Это был Рим, Рим, которому он принадлежал душой и телом. И, о горе, его вынуждают уехать!

Он всеми силами оттягивал час разлуки, он, словно стремясь получить все удовольствия, которых будет впредь лишен, пустился в разгул. Он бродил по улицам с бандой таких же разгульных друзей, и горе было той красивой женщине – или мужчине, – на которых падал взгляд Джованни.

Он бывал у самых знаменитых куртизанок, и квартал Понте дрожал от их бесчинств. Ему нравились куртизанки: они могли сравниться с ним по опыту; любил он также и совсем молоденьких девушек, и самым излюбленным его развлечением было соблазнение невест накануне их свадьбы. Джованни знал свою слабость: из него никогда не получится по-настоящему храбрый воин, и он понимал, что Чезаре приметил в нем эту тайную трусость. Эта слабость радовала Чезаре, потому что она как бы компенсировала нанесенную ему несправедливость: ведь Джованни должен стать воином, а он, до безрассудства храбрый Чезаре, – священником.

Джованни старался скрыть свою трусость, а разве не лучшим прикрытием была намеренная жестокость по отношению к тем, кто не мог ему ответить тем же? Кто смел пожаловаться на сына Папы, если он перед самой свадьбой лишит невинности какую-нибудь девицу? Подобные приключения тешили его самолюбие – он казался себе настоящим храбрецом, и создавали ему славу настоящего жуира.

И был один человек, общество которого доставляло Джованни наибольшее удовольствие, – турецкий принц, которого Александр удерживал в Ватикане заложником. Джем был юношей ослепительной красоты, его восточные манеры и живописные наряды весьма забавляли Джованни, к тому же он был по-восточному хитер, изворотлив и – это особенно Джованни нравилось – жесток.

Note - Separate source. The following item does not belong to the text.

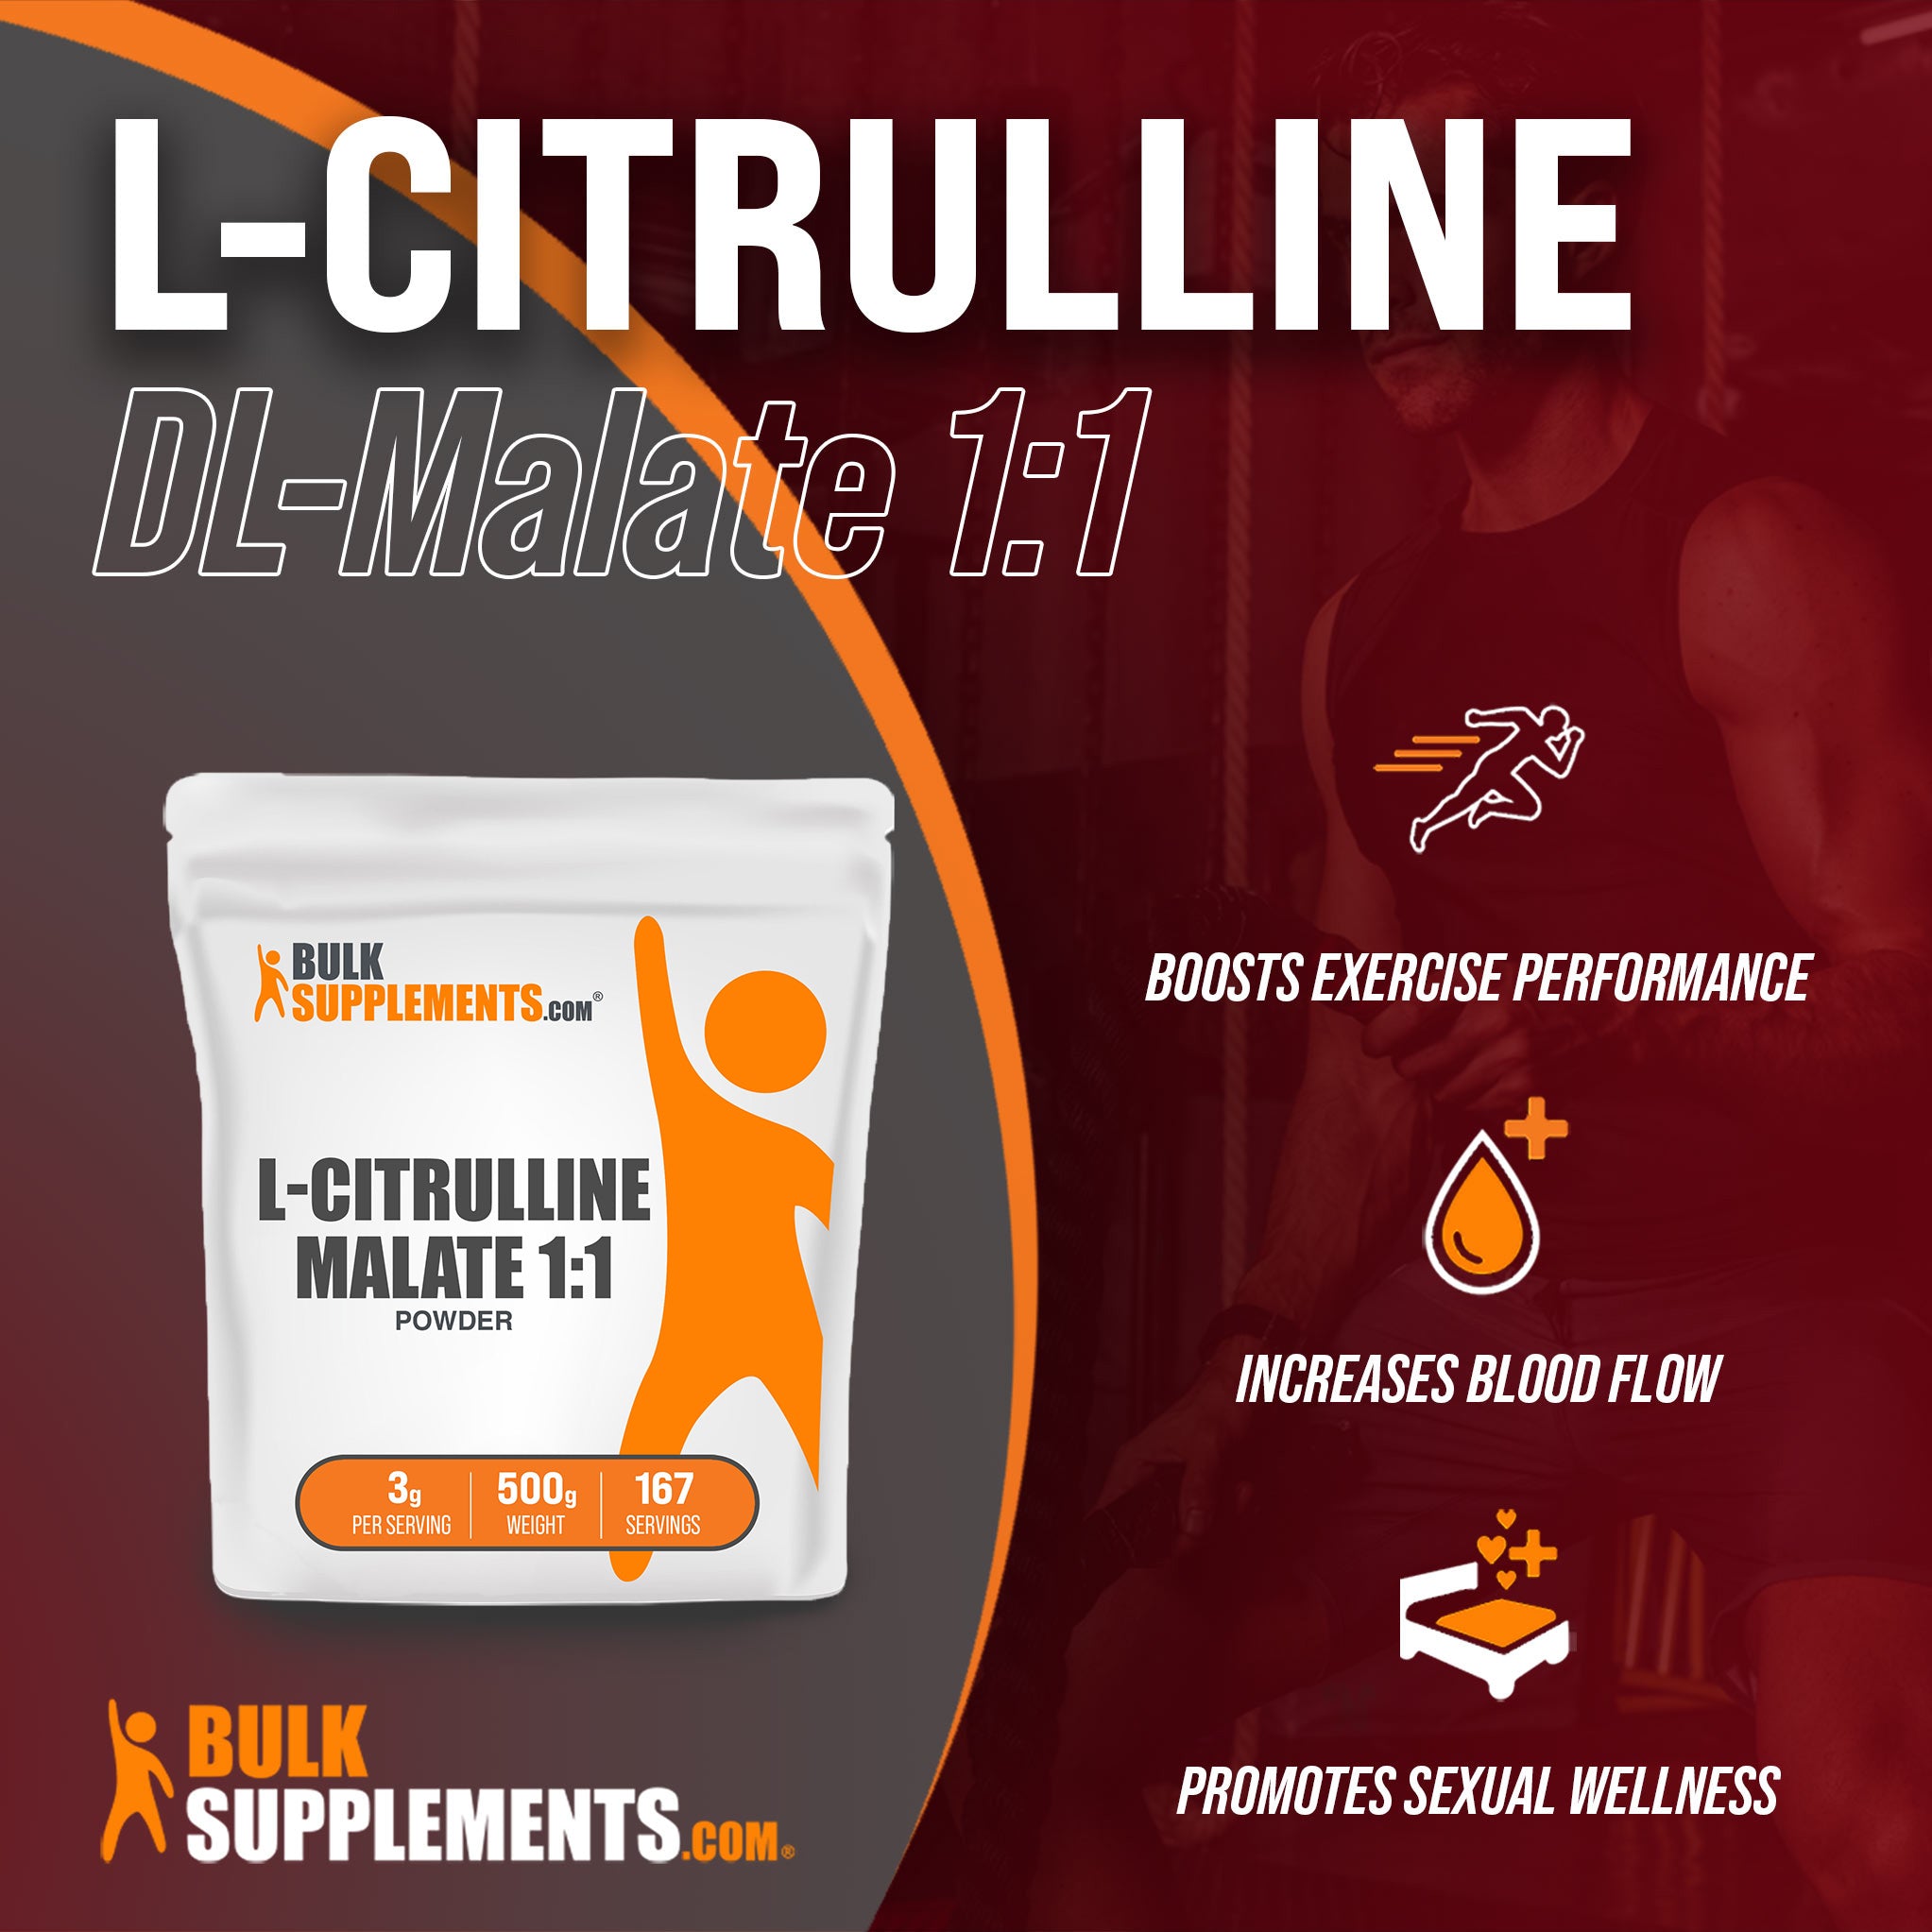 Pure L-Citrulline DL-Malate 1:1 from Bulk Supplements

Их часто видели вместе. Джованни тоже наряжался по-турецки, и они с Джемом составляли живописную пару: золотоволосый Джованни великолепно смотрелся на фоне темноволосого и черноглазого Джема.

Они сопровождали Александра, когда тот со своей свитой посещал церкви, и римляне с удивлением разглядывали двух молодых людей, одетых с вызывающей восточной роскошью, в одинаковых тюрбанах.

Римлянам не нравилось, что в процессиях участвует неверный, но Джованни не желал расставаться с приятелем, а турок лишь улыбался, завидев перепуганные лица людей, и все понимали, что эта улыбка ничего не значит, что под нею скрывается страшное, варварское нутро. Л затем люди пере водили взгляды на красивого герцога Гандийского, который острым взором выхватывал в толпе хорошеньких женщин, показывал на них Джему, а тот уже планировал их ночные приключения.